■ What you should do ■
Transcribe everything in the listing as written, and let no image into the copy.

■ Dataset excerpt ■

---------------

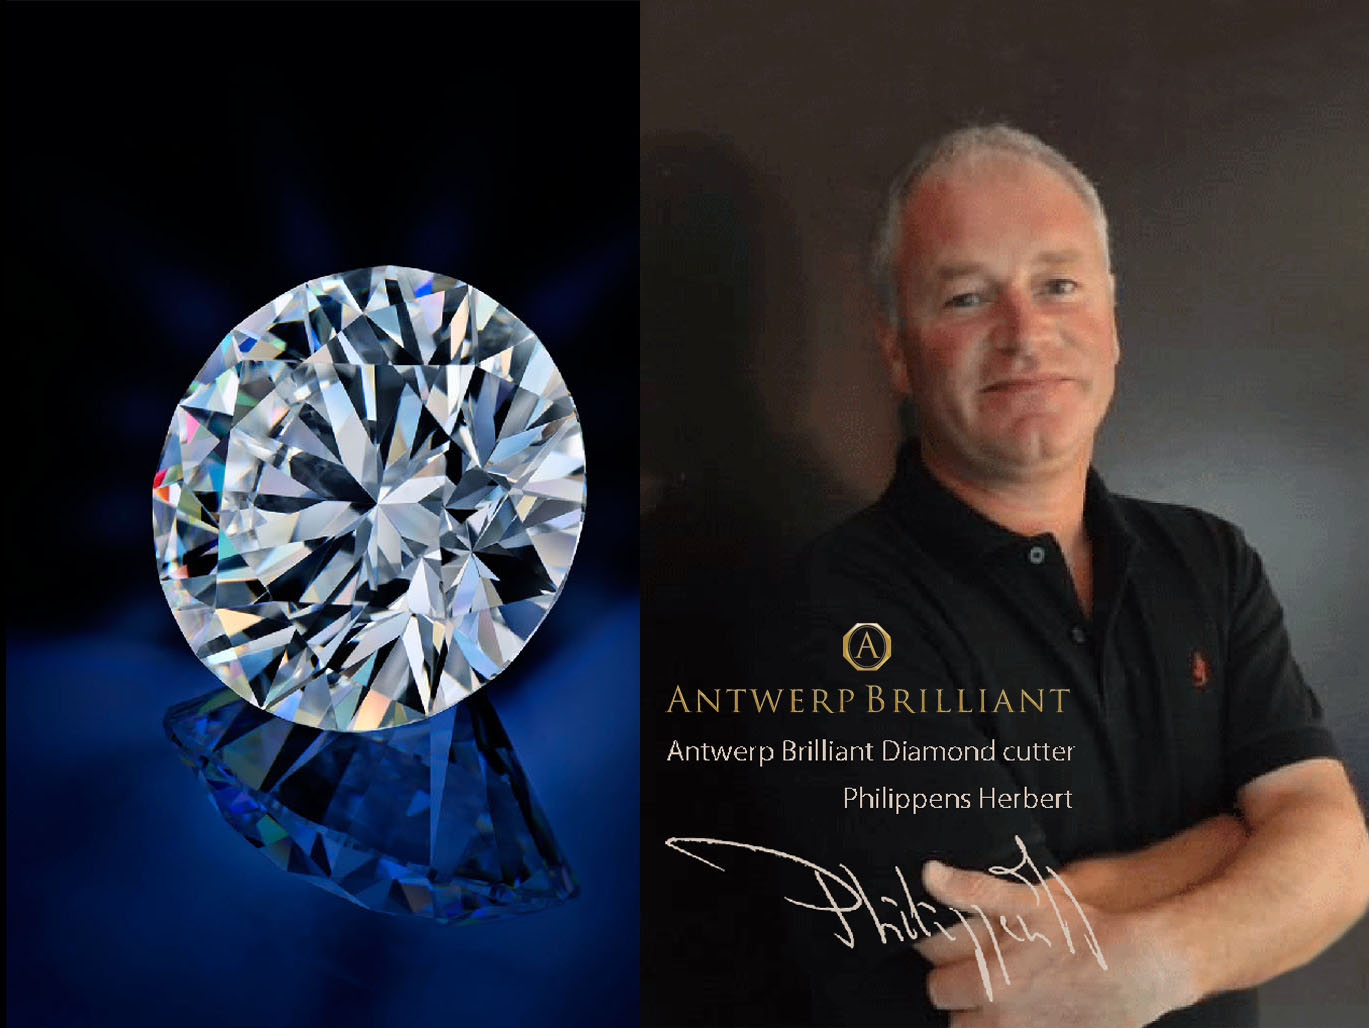 master diamond-cutter Phillippens Herbert is based in Antwerp and make heartï¼Cupid in 1993
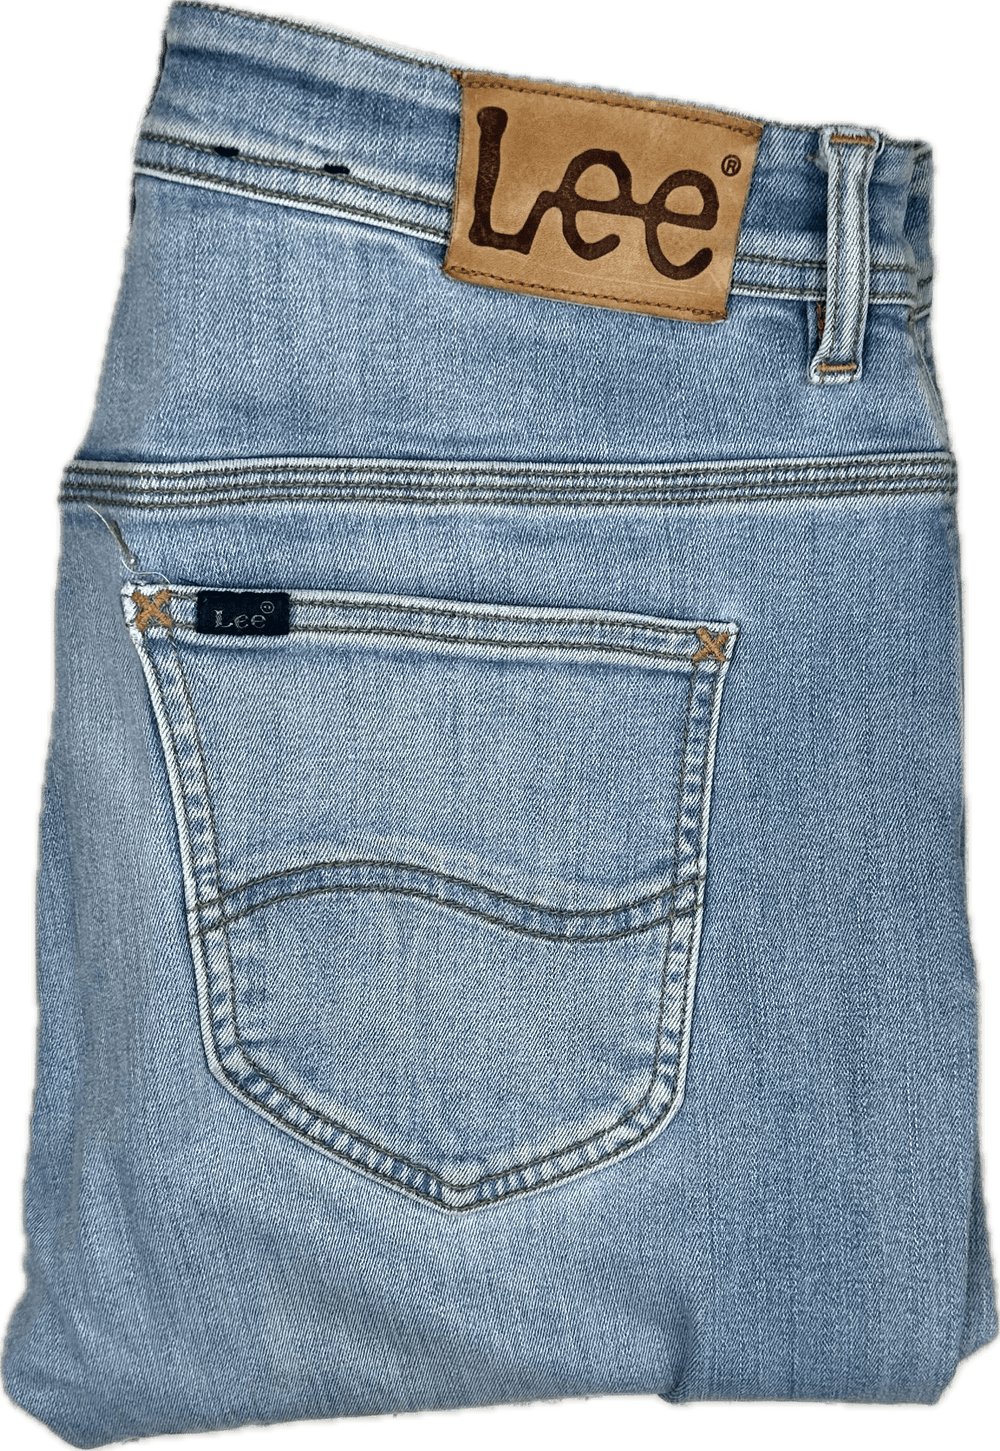 Lee 'Z Two- Slim Tapered' Men's Stretch Jeans - Size 32 Crop - Jean Pool
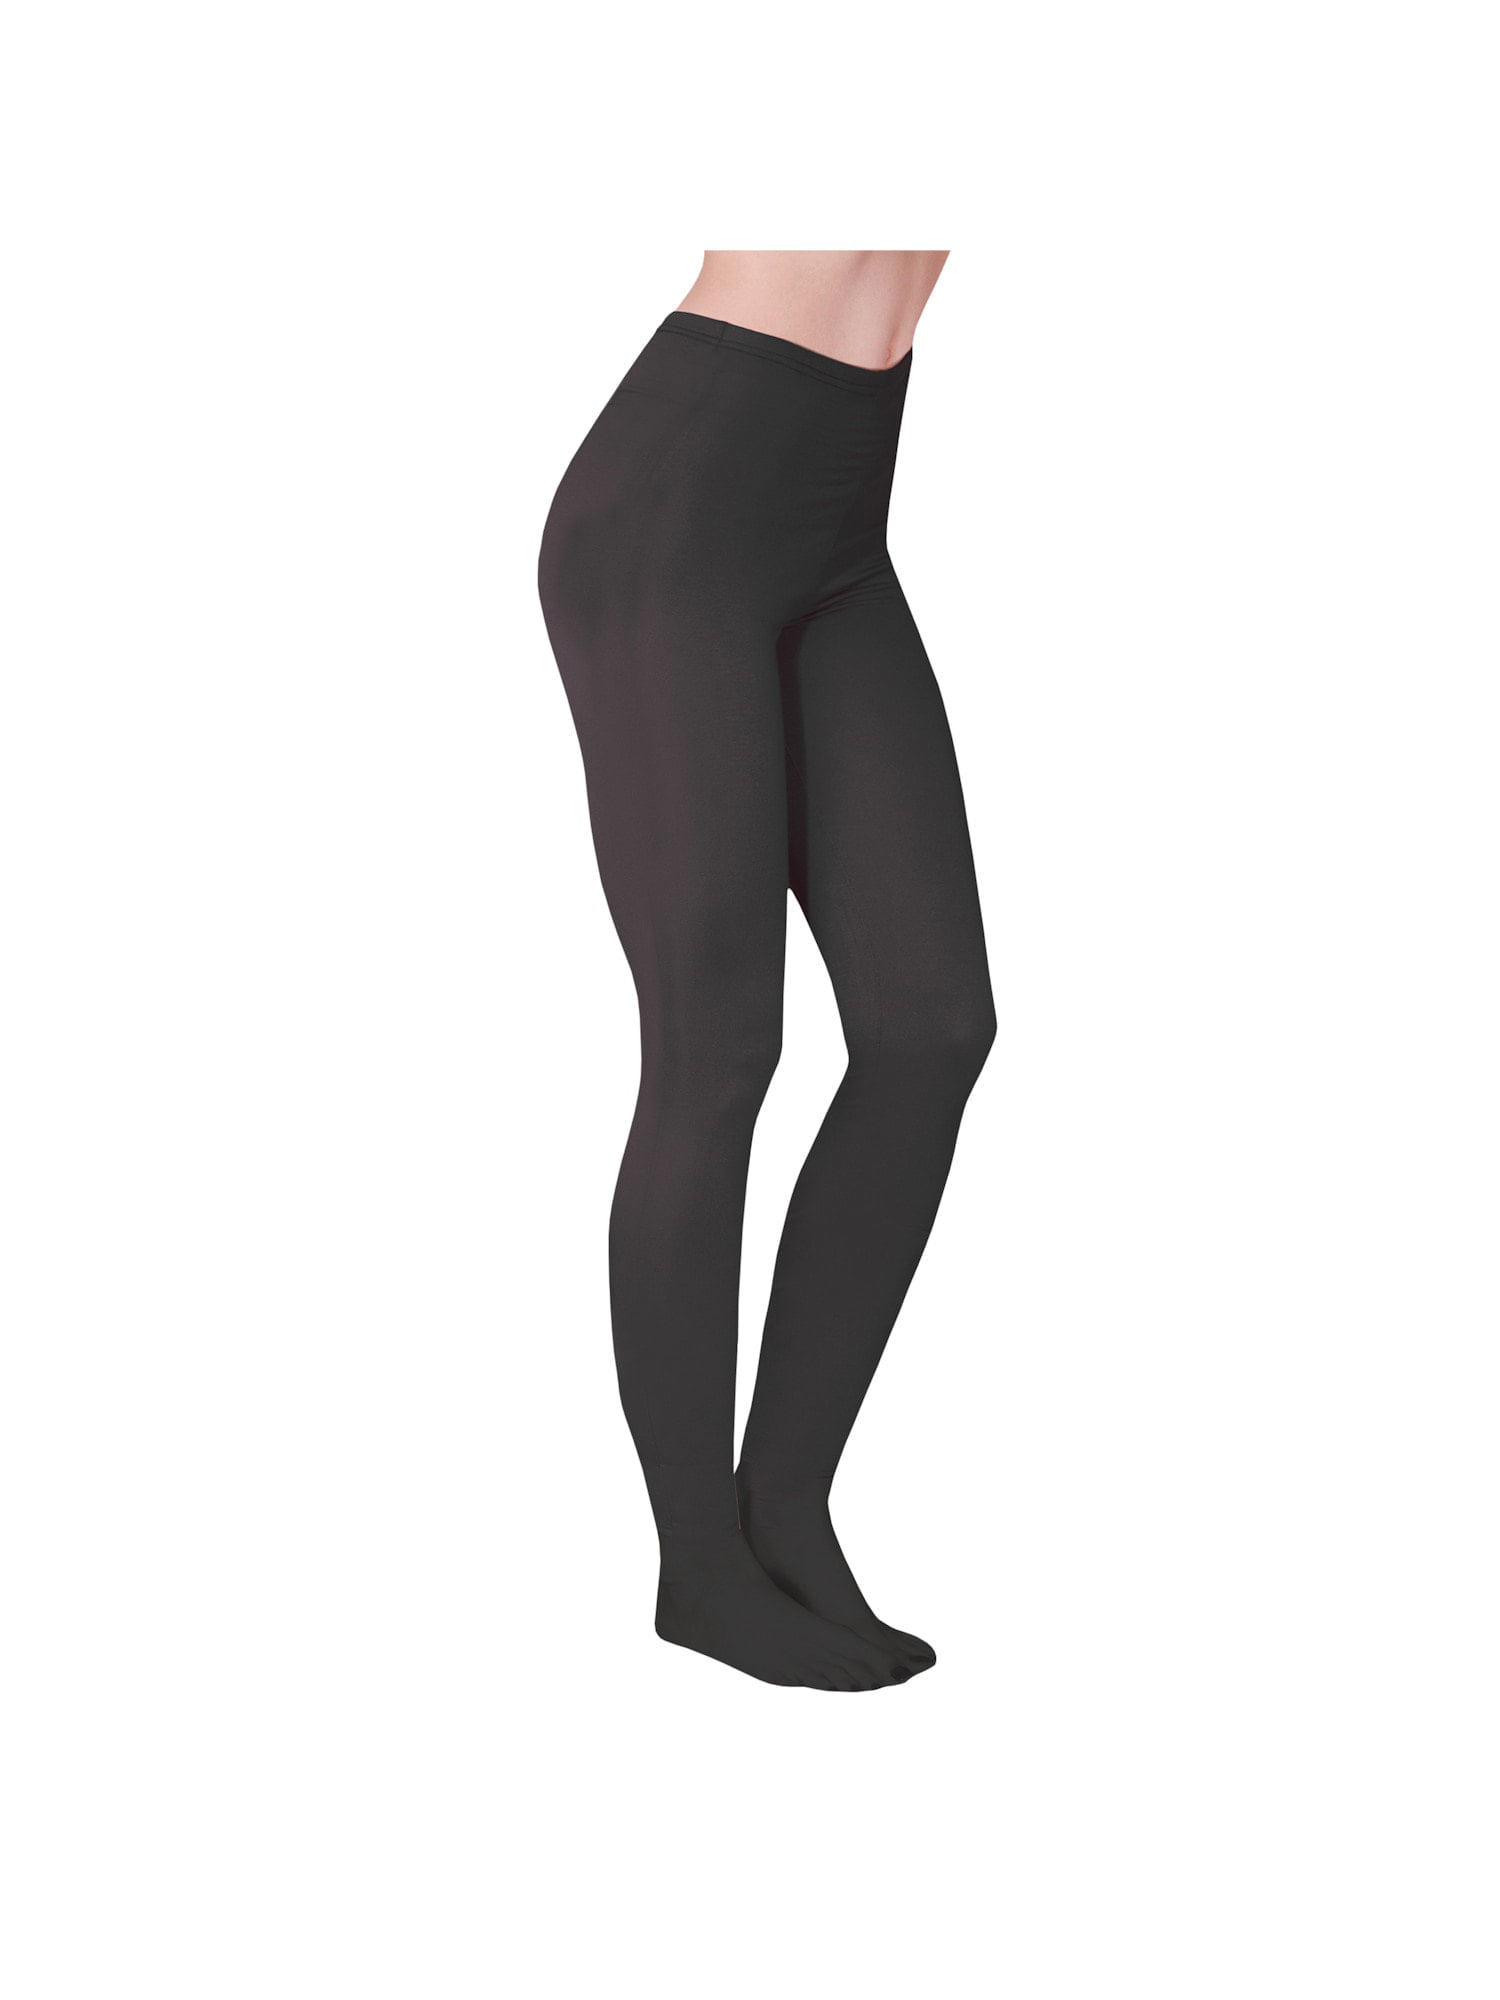 Mesnove 2019 Black Legs Fake Translucent Warm Fleece Pantyhose

---------------

■ Solved exercise ■
 master diamond-cutter Phillippens Herbert is based in Antwerp and make heartï¼Cupid in 1993
 Lee 'Z Two- Slim Tapered' Men's Stretch Jeans - Size 32 Crop - Jean Pool
 Mesnove 2019 Black Legs Fake Translucent Warm Fleece Pantyhose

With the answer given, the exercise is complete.